Cologne hostage-taker was 'slated for deportation'

Rebecca Staudenmaier
October 19, 2018

The Syrian suspect behind the hostage situation at Cologne's central train station was reportedly due to be deported in 2015. German authorities have been accused of dropping the ball.

https://p.dw.com/p/36qX1
Police teams deal respond to a hostage situation at Cologne's main train station
Image: picture-alliance/Geisler-Fotopress/C. Hardt

The Syrian asylum-seeker who is accused of staging an attack at Cologne's central train station this week could have been deported years ago, according to media reports on Friday.

The case bears similarities to that of Anis Amri, the Tunisian rejected asylum-seeker who carried out a truck attack at a Berlin Christmas market in 2016. Should the reports be confirmed, it could also reignite the debate in Germany over asylum policy and deportations.

What the reports say:

  • The suspect, identified as Mohammad A.R., could have been deported to the Czech Republic in 2015 since he first applied for asylum there before traveling to Germany, according to information obtained by German newspaper Kölner Stadt-Anzeiger and Focus magazine.
  • Under the European Union's Dublin Regulation, asylum-seekers must be processed at their point of entry into the bloc. Under those rules, German authorities should have sent him back.
  • However, Germany's Federal Office of Migration and Refugees (BAMF) missed a deadline to deport him back to the Czech Republic, according to the reports.
  • Since he wasn't deported, the BAMF then took over his case, granting him permission to stay in Germany until at least 2021.

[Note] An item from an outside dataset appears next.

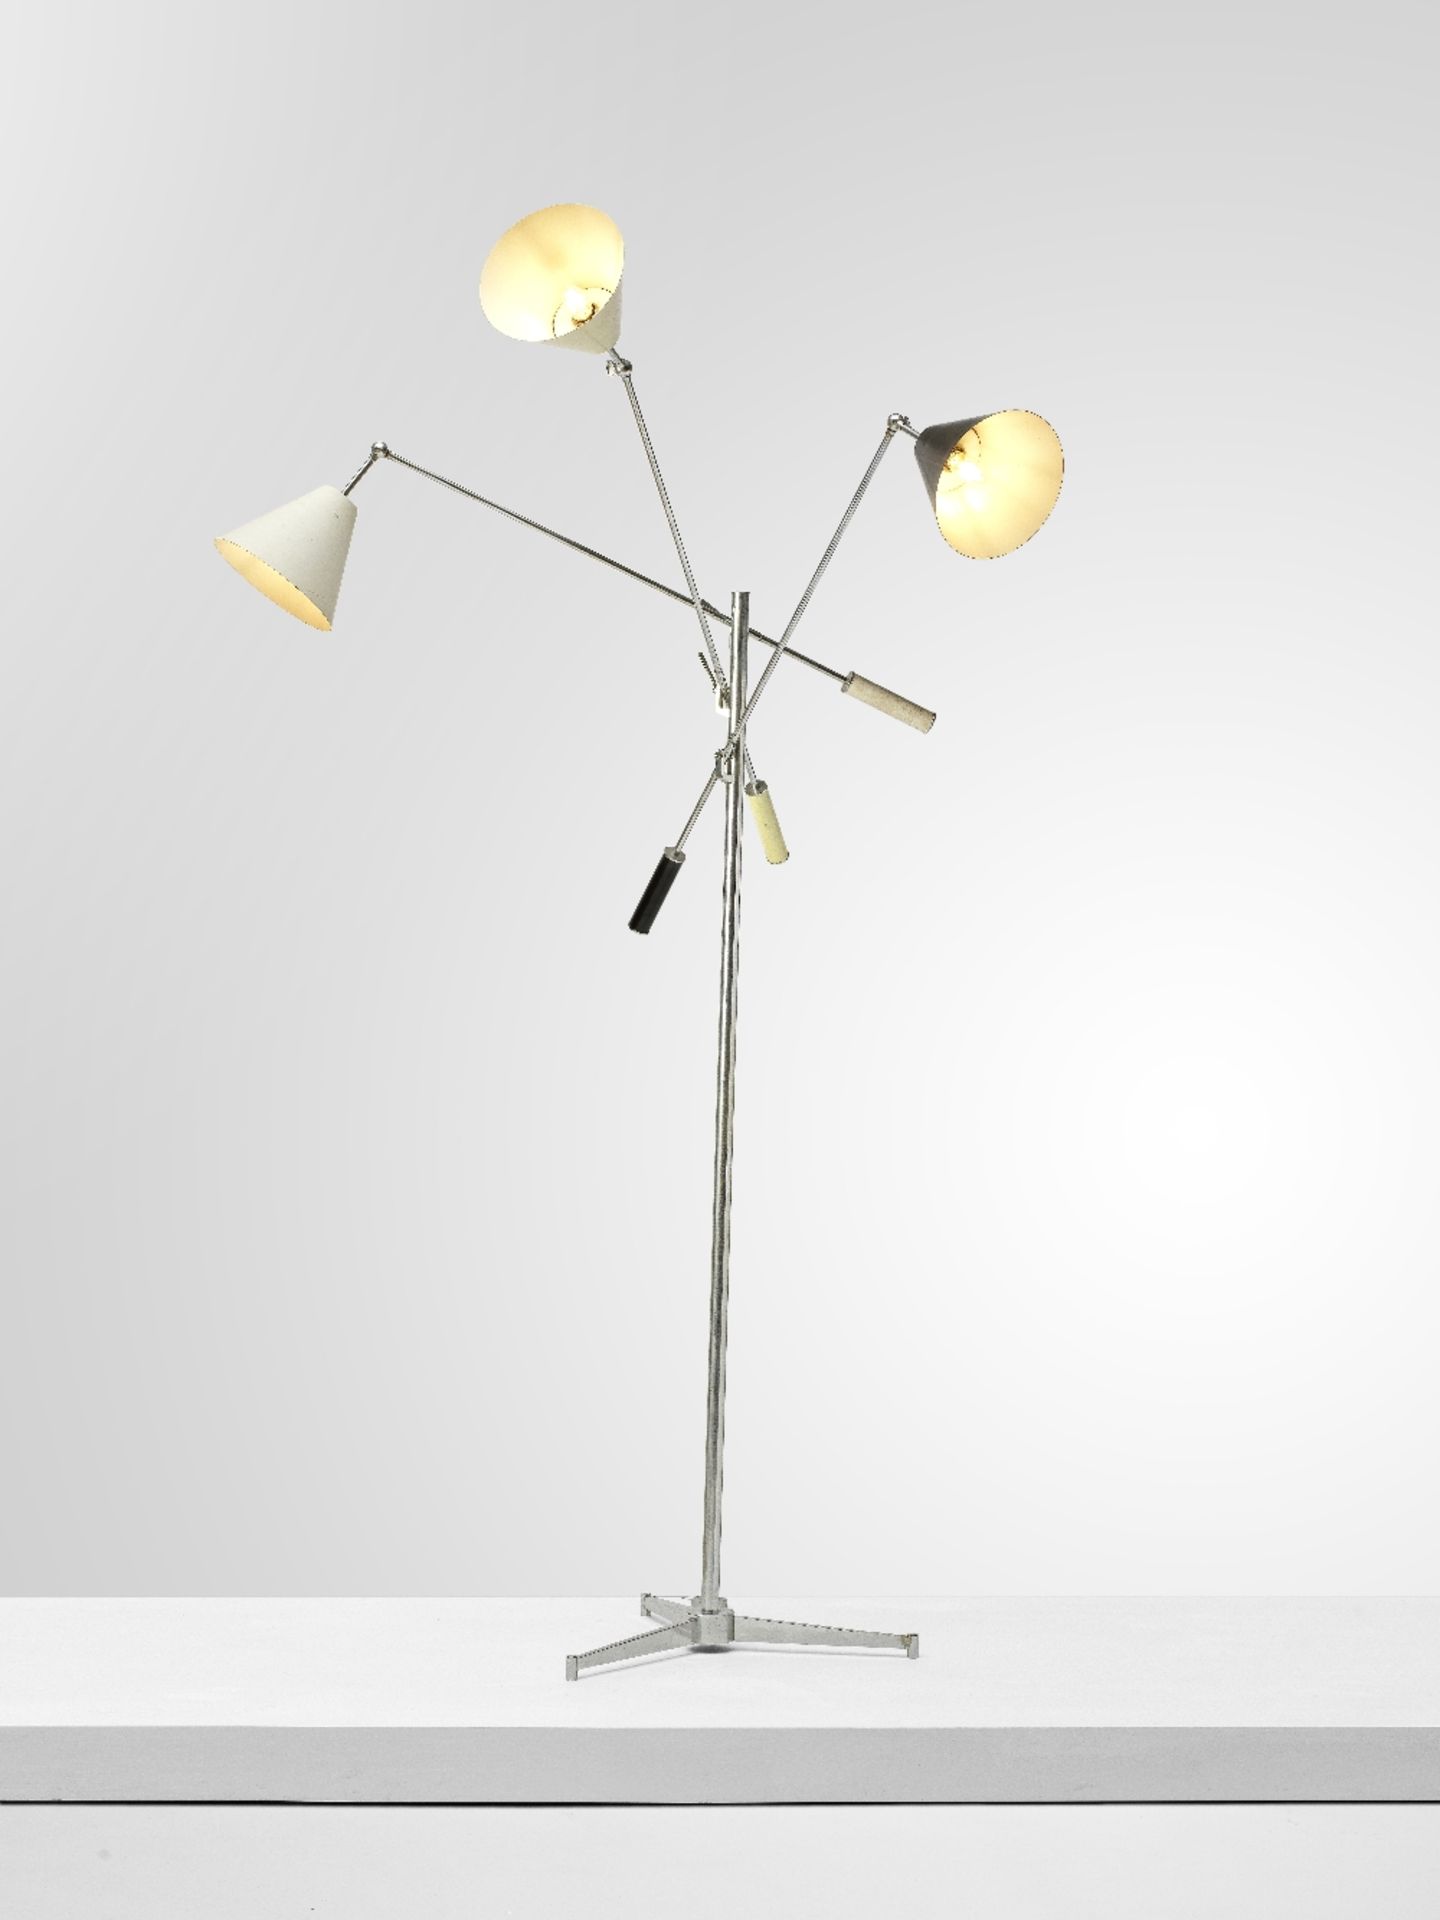 Angelo Lelii 'Triennale' three-armed adjustable floor lamp, model no. 12128s, circa 1951

What happened during the Cologne attack? On Monday, panic was sparked after a man started a fire at a fast-food restaurant in Cologne's main train station. A 14-year-old girl sustained serious burns while a second person was treated for smoke inhalation. The suspect then ran out of the restaurant and entered a nearby pharmacy where he took a female employee hostage. After two hours, police stormed the pharmacy and shot the suspect several times. The hostage was injured but later released from the hospital.

Possible Islamist motive: Mohammad A.R. sustained serious injuries during the police operation and is currently still in a coma. He's been charged with attempted murder and serious bodily harm. Federal prosecutors said on Wednesday that there were enough indications to suggest that there was a "radical Islamist" motive behind the attack, although investigations are still ongoing. 

What we know about the suspect:

Mohammad A.R. is a 55-year-old Syrian man who entered the European Union in early 2015 when he arrived in the Czech Republic. According to Kölner Stadt-Anzeiger, he first filed an asylum application in Prague before later traveling further to Germany. In mid-March that year, he filed once again for asylum, but this time in Germany.

His case was eventually taken over by German authorities and he has been living in Cologne since July 2015.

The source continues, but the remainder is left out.